** Data for the task follows **

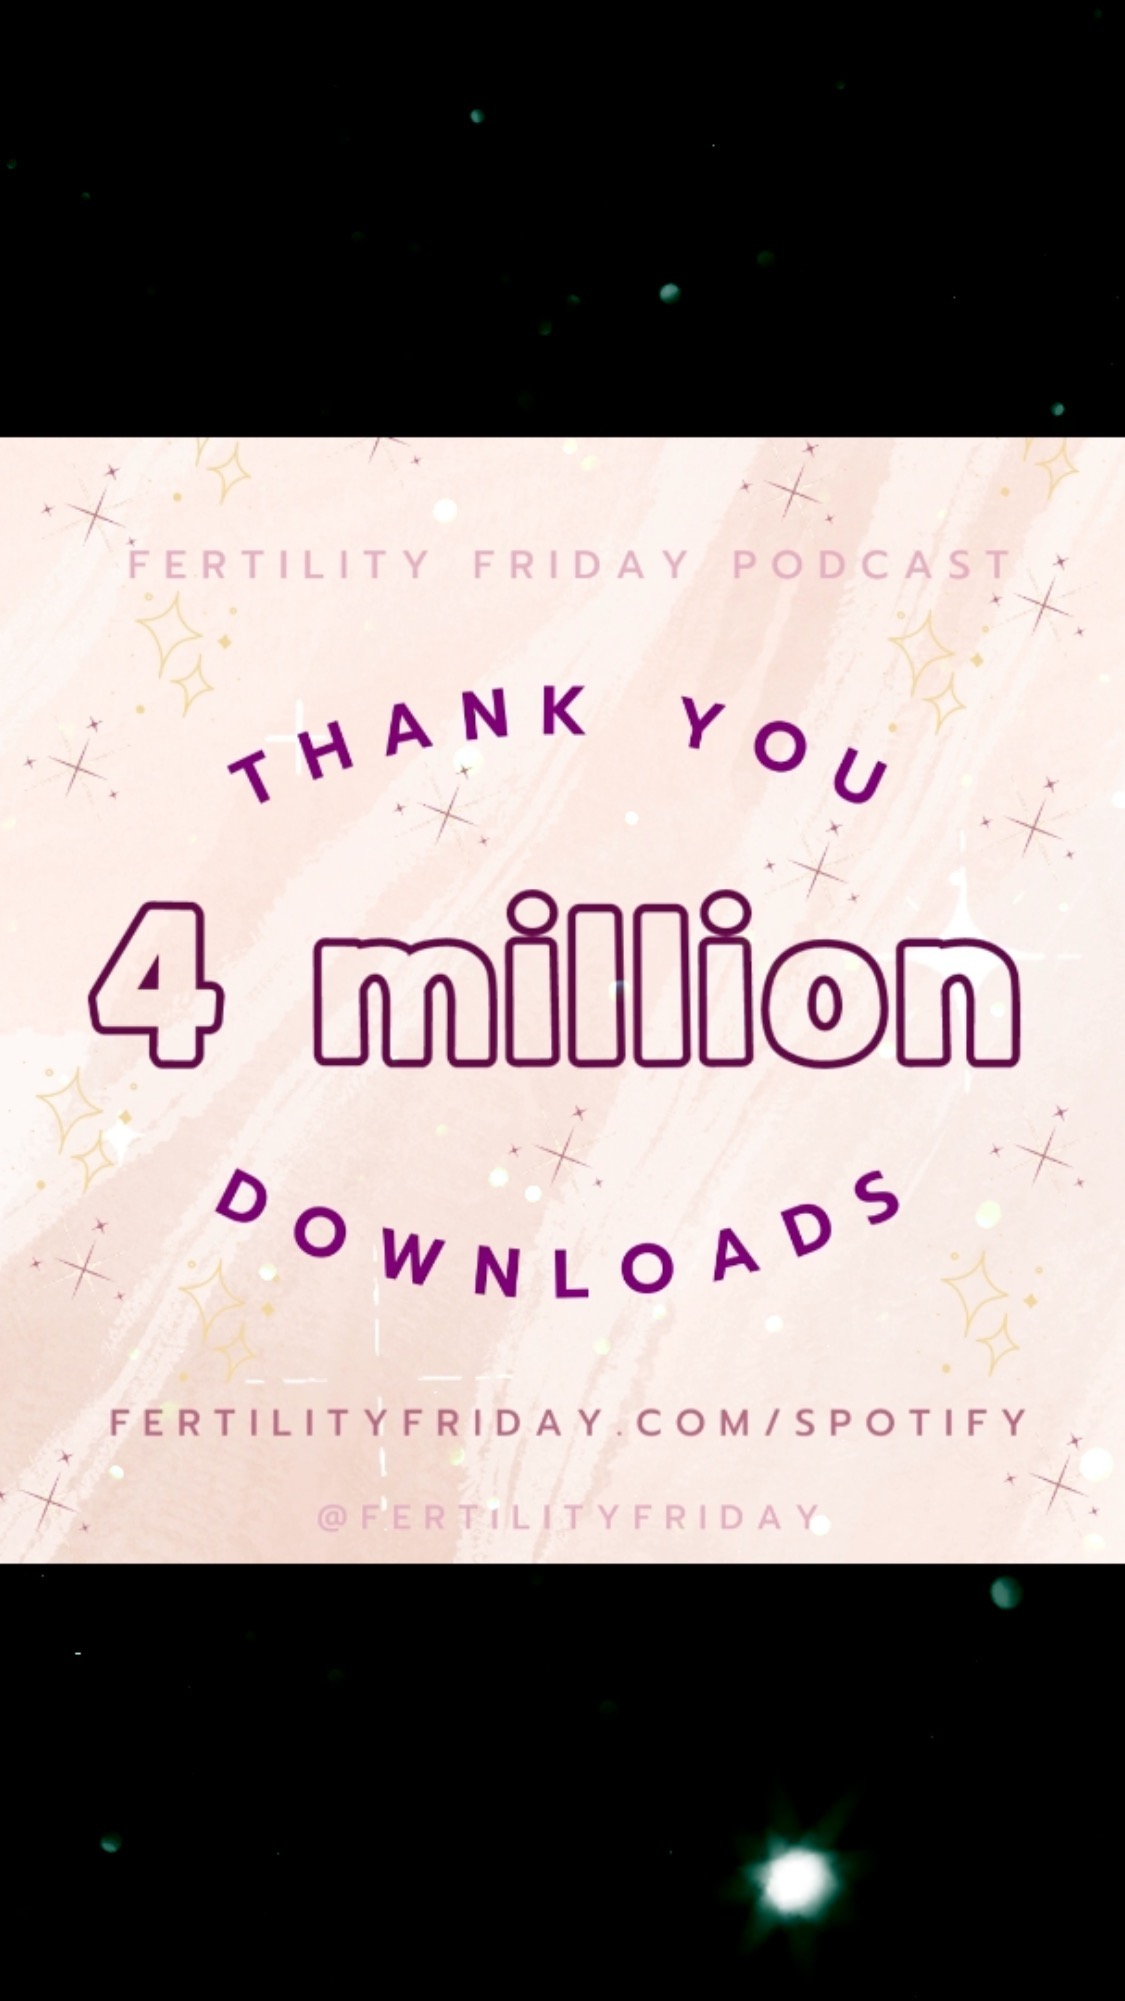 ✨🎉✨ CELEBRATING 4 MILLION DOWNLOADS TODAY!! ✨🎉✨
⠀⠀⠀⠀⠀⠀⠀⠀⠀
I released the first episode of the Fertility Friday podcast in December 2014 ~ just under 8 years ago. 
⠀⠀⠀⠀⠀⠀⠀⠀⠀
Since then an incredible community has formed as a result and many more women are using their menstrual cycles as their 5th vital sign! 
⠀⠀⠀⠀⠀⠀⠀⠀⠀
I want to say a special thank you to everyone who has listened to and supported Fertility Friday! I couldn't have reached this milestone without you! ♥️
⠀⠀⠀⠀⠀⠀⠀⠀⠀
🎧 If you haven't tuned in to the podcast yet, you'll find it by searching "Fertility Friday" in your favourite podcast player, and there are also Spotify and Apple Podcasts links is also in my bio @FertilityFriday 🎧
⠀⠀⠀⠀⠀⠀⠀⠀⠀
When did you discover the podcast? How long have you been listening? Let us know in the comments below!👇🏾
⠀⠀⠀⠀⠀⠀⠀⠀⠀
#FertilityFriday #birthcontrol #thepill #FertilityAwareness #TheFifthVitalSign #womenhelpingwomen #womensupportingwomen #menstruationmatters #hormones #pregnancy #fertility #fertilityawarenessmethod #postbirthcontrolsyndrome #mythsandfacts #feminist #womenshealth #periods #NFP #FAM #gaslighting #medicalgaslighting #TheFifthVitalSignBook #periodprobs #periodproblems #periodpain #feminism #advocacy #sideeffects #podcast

** End of Data for the task **

» **Exercise aim**:
Each of the lines above should be transcribed exactly; no image is to be copied.

» **Answer to the exercise**:
 ✨🎉✨ CELEBRATING 4 MILLION DOWNLOADS TODAY!! ✨🎉✨
⠀⠀⠀⠀⠀⠀⠀⠀⠀
I released the first episode of the Fertility Friday podcast in December 2014 ~ just under 8 years ago. 
⠀⠀⠀⠀⠀⠀⠀⠀⠀
Since then an incredible community has formed as a result and many more women are using their menstrual cycles as their 5th vital sign! 
⠀⠀⠀⠀⠀⠀⠀⠀⠀
I want to say a special thank you to everyone who has listened to and supported Fertility Friday! I couldn't have reached this milestone without you! ♥️
⠀⠀⠀⠀⠀⠀⠀⠀⠀
🎧 If you haven't tuned in to the podcast yet, you'll find it by searching "Fertility Friday" in your favourite podcast player, and there are also Spotify and Apple Podcasts links is also in my bio @FertilityFriday 🎧
⠀⠀⠀⠀⠀⠀⠀⠀⠀
When did you discover the podcast? How long have you been listening? Let us know in the comments below!👇🏾
⠀⠀⠀⠀⠀⠀⠀⠀⠀
#FertilityFriday #birthcontrol #thepill #FertilityAwareness #TheFifthVitalSign #womenhelpingwomen #womensupportingwomen #menstruationmatters #hormones #pregnancy #fertility #fertilityawarenessmethod #postbirthcontrolsyndrome #mythsandfacts #feminist #womenshealth #periods #NFP #FAM #gaslighting #medicalgaslighting #TheFifthVitalSignBook #periodprobs #periodproblems #periodpain #feminism #advocacy #sideeffects #podcast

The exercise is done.